The layer N+1 calls the primitive sendRequestToLayerN or sendResponseToLayerN to send a request or a response to the layer N, and calls the primitive receiveIndFromLayerN or receiveConfFromLayerN to receive an indication or a confirmation.

Although the OSI has defined each layer and the primitives between layer (N+1) and layer N in detail, however, the following two issues are left to the implementor

- (1) how is each layer implemented? As a task or as a set of functions?
- (2) how does the layer N+1 communicate with the layer N? By message queue or function call?

In the following sections we will present the three approaches.

### 2.3 Procedure-based Approach

As indicated above, a specification in layered form does not by itself commit the implementor to any particular approach to modularity and interface design. The *process* is the fundamental structuring component provided by the most systems. It is natural to try to map the basic module of the specification to the basic component of the system; this maps layer to process as described in the next section. However, this mapping may be substantially inefficient. The implementor smart enough to avoid this trap then discovers that neither the layered specification nor the operating system facilities really give any implementation guidance at all, forcing the implementor to design the program structure from scratch.

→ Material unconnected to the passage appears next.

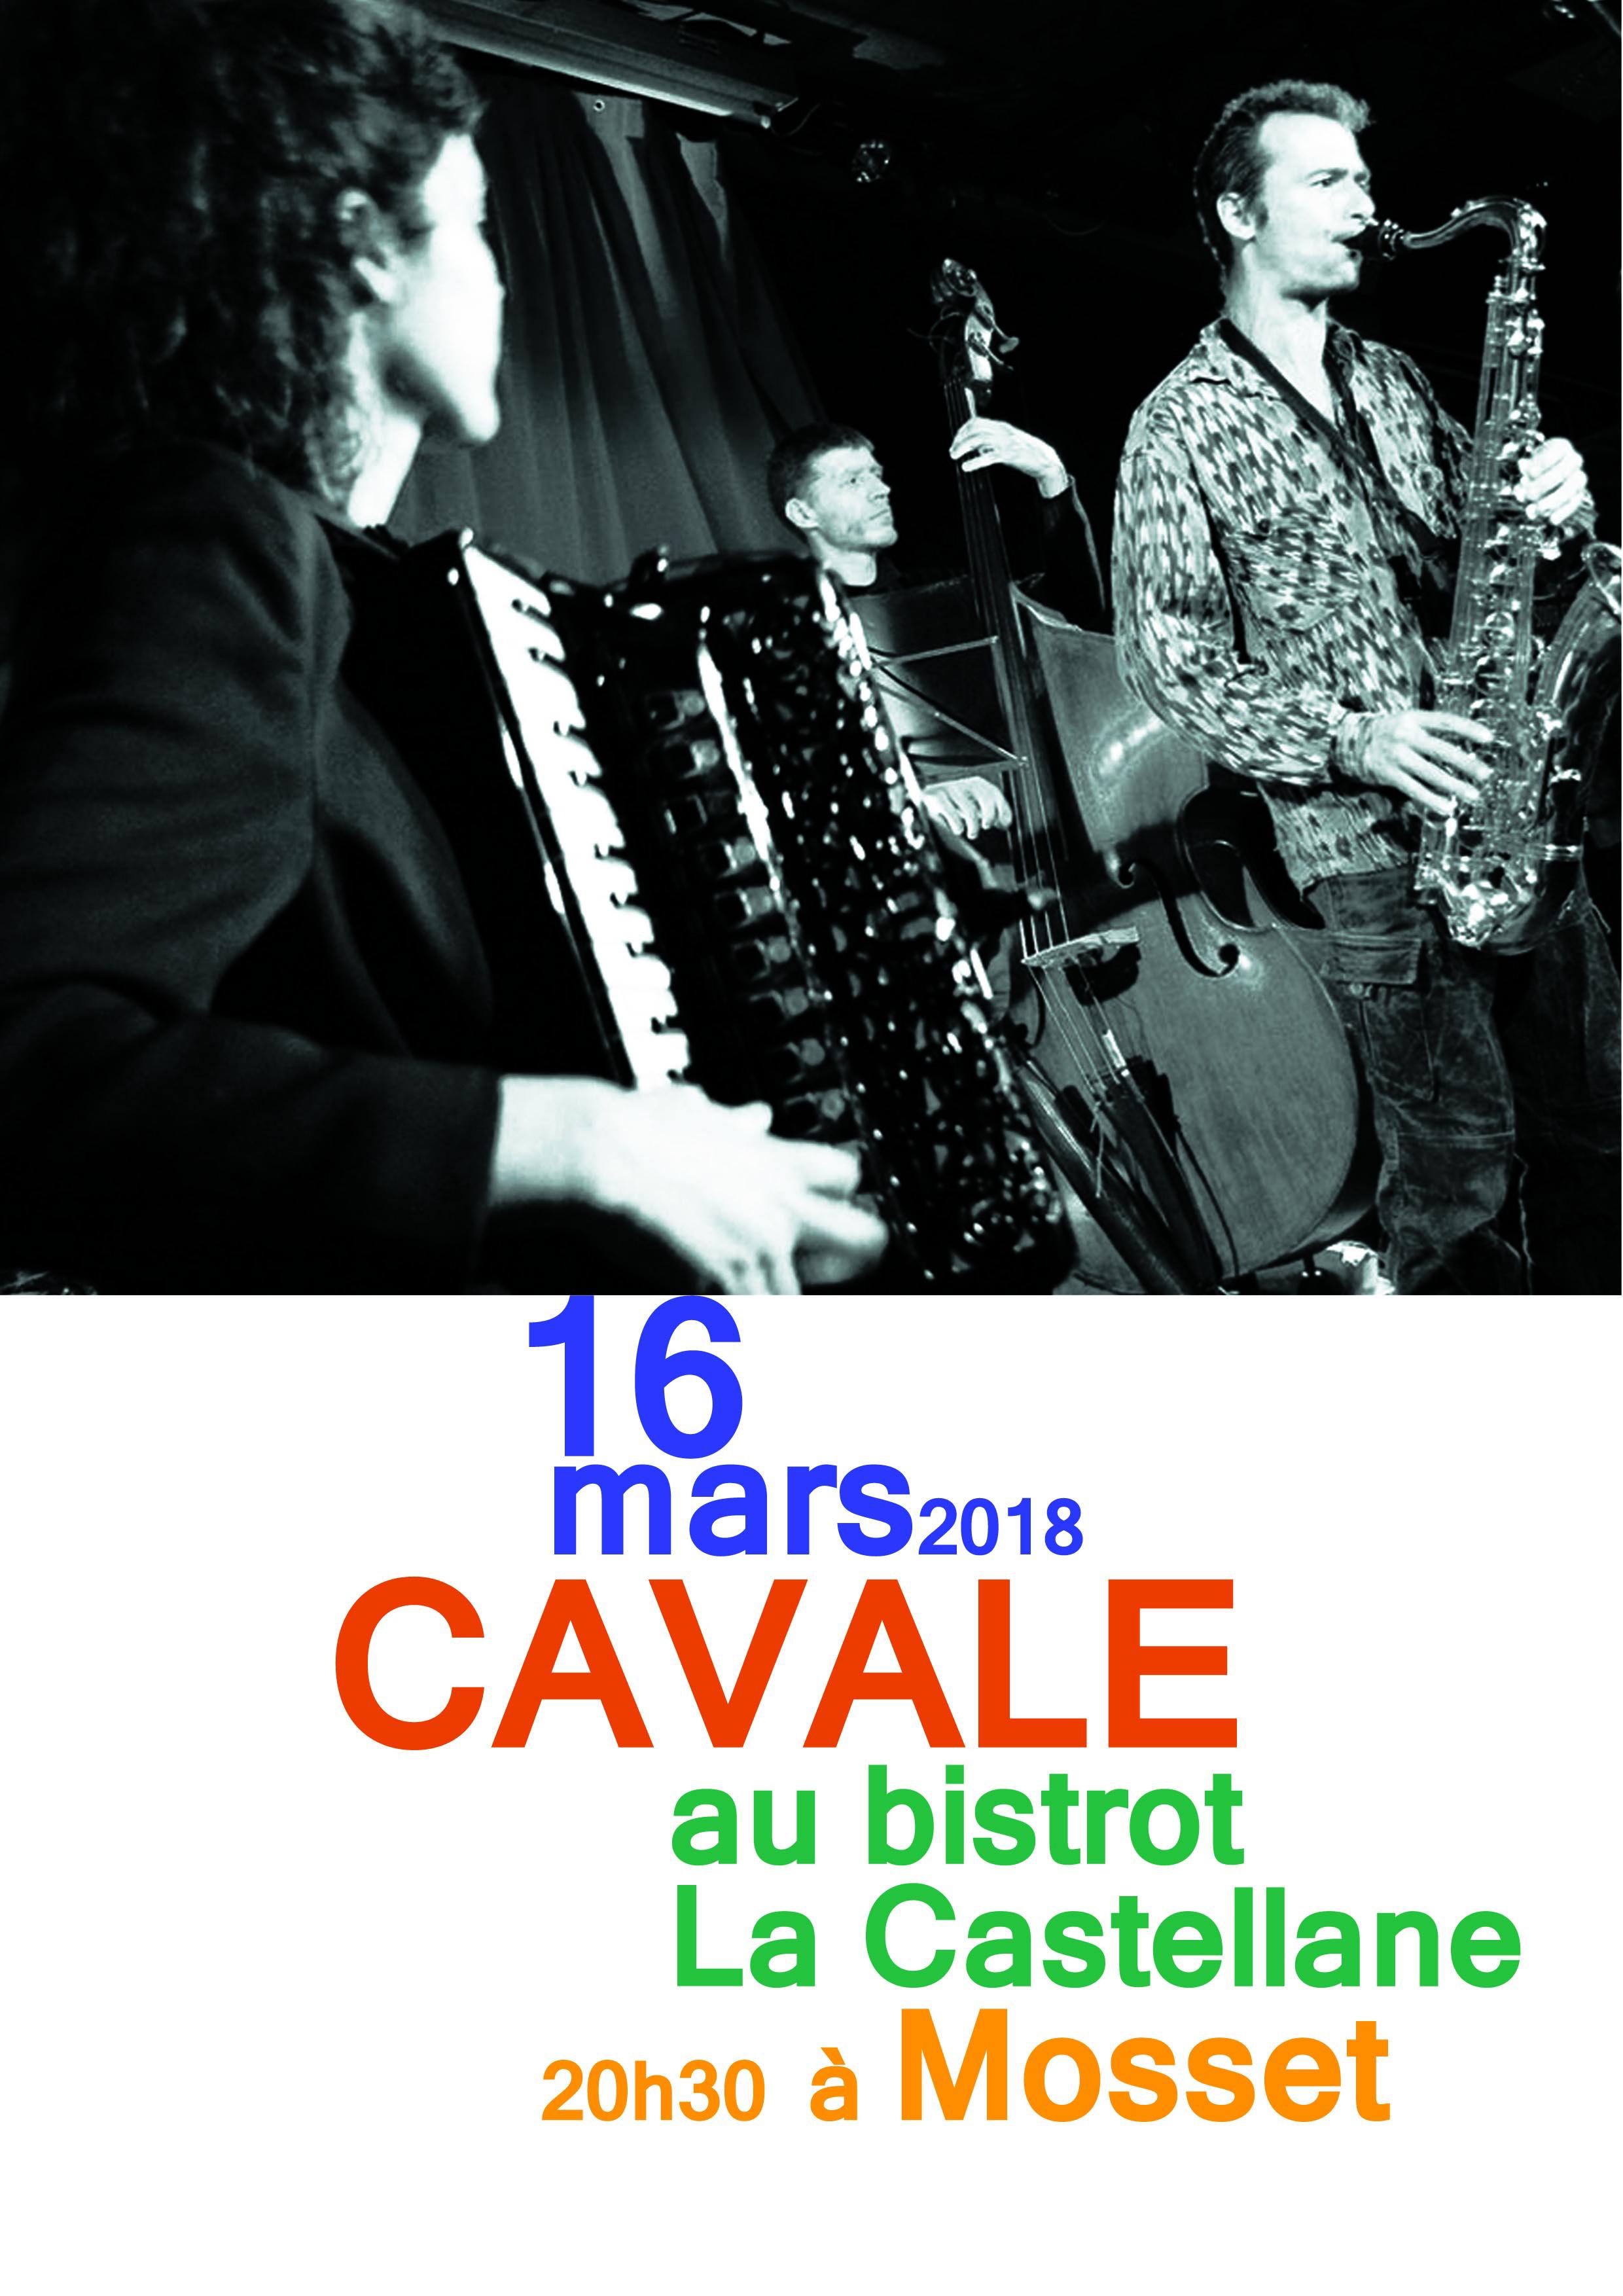 cavale-mosset-mars2018 copier

In the procedure-based approach, a layer is implemented as a set of subroutines (procedures or functions). The invocation across layer boundaries occurs by subroutine call, and a layer is organized as subroutines which are called by the layer above or the layer below as shown in Figure 2.3.



C: Procedure CallI: InterruptionP: Polling

Figure 2.3 Procedure-based Architecture

In a procedure-based implementation, the inter-layer communication is done by procedure call. An exception is the communication between the lowest layer and the layer above it. In general, the data receive part of the lowest layer (Data Link Layer in Figure 2.3) in a communication system is implemented as an ISR (Interrupt Service Routine), while the transmission part is implemented as a set of procedures or functions. So, the communications between ISR and procedures must be performed.

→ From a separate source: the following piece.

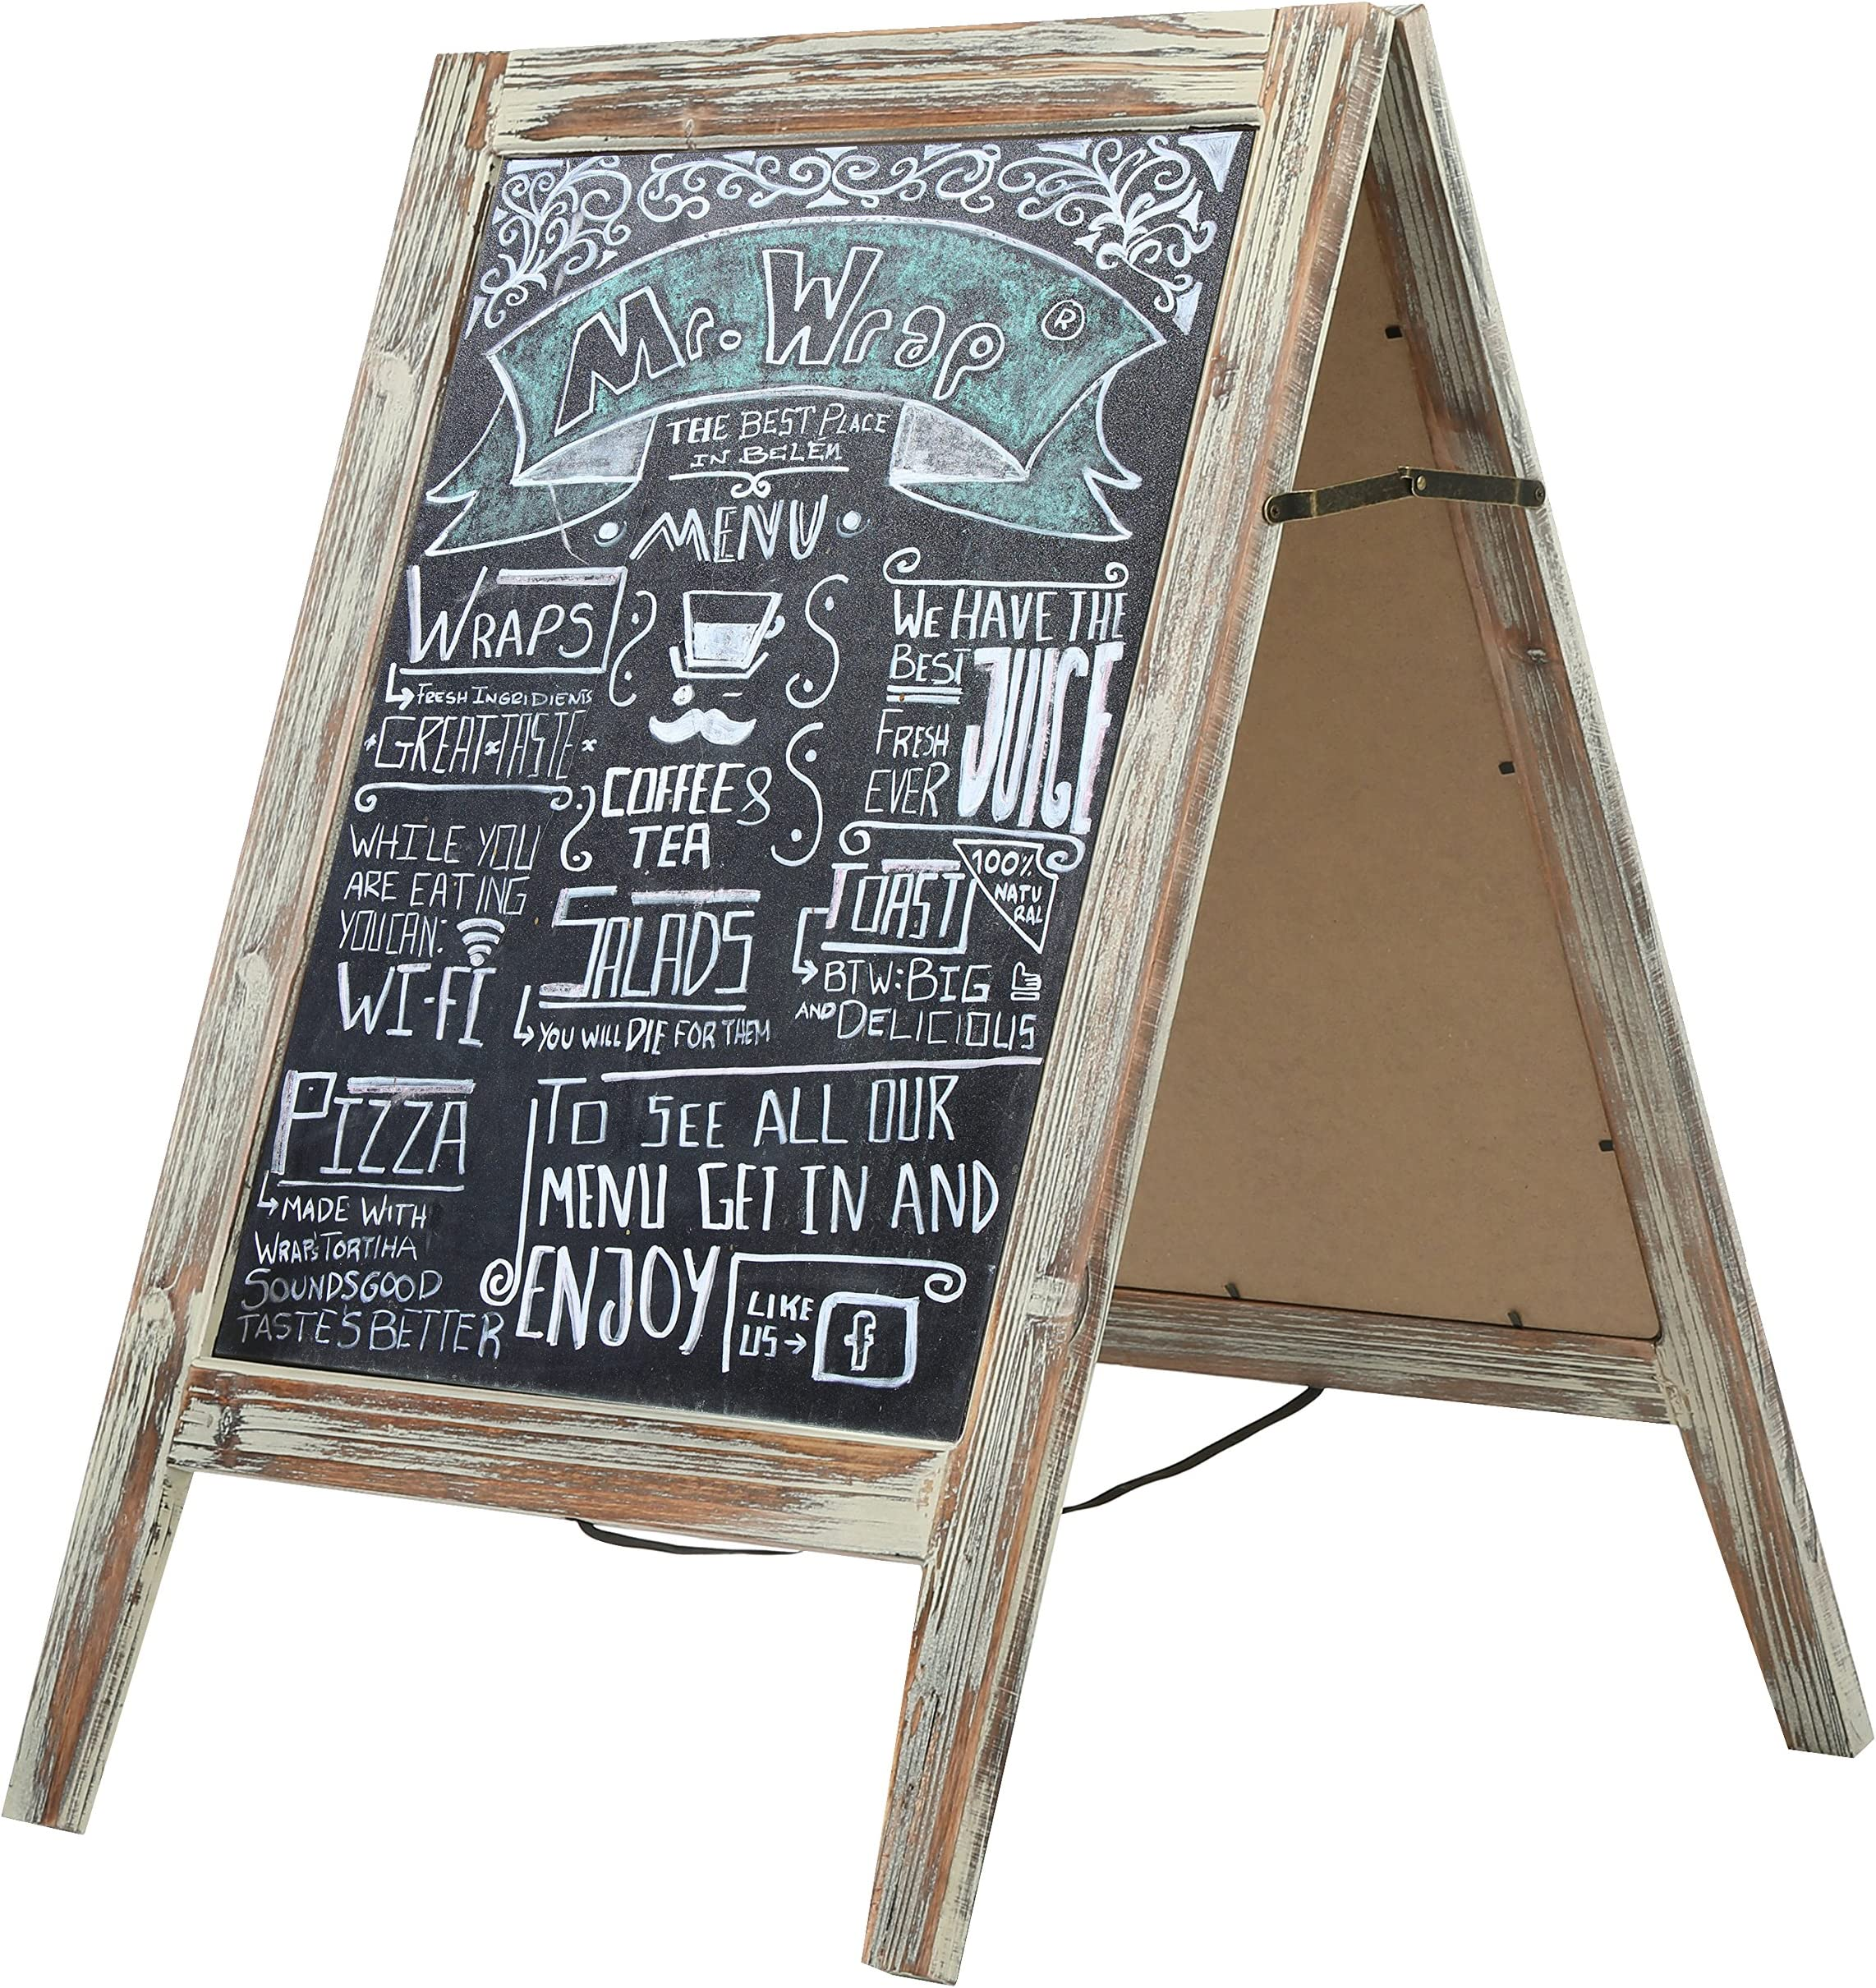 Easel Chalkboard sign Double Sided Sandwich Personalized A-frame Chalkboard Event Sign Business Sign Restaurant Sign Sidewalk Sign

When the user issues a request, it calls (down call) a procedure in the layer N. Then the layer N calls (down call) a procedure in the layer N-1. This procedure continues until the corresponding PDU (Protocol data unit) is inserted into the send-queue in the Data Link Layer.

When a frame is received, an interrupt is generated and processed by the entity of Data Link Layer. This entity checks various information given in the frame header and then puts the frame in a shared memory or mailbox. The Polling task can receive the frames in the following two ways:

#### Polling

The polling task enquires if the mailbox is empty or not. If the mailbox is not empty, it indicates that the ISR has put a received frame in it. The polling task will take this frame from the mailbox.

### Semaphore

The polling task waits on a semaphore. When a frame arrives, the ISR first puts the received frame into the shared memory and then wakes-up the polling task by doing a "given" operation (i.e., release the polling task which is waiting on the semaphore) on the semaphore as shown in Figure 2.4



Figure 2.4 Asynchronous Communication Mechanism

### 2.3.1 ATM implementation based on procedure-based approach

In the following we show how the procedure-based approach is used to implement a three layed-ATM switch. Figure x illustrates the ATM implementation.



### Figure 2.5 Procedure-based ATM Architecture

First, we focus our discussion on the receiving direction and show how the upcalls are executed when an ATM cell is received. Then we study on the sending direction.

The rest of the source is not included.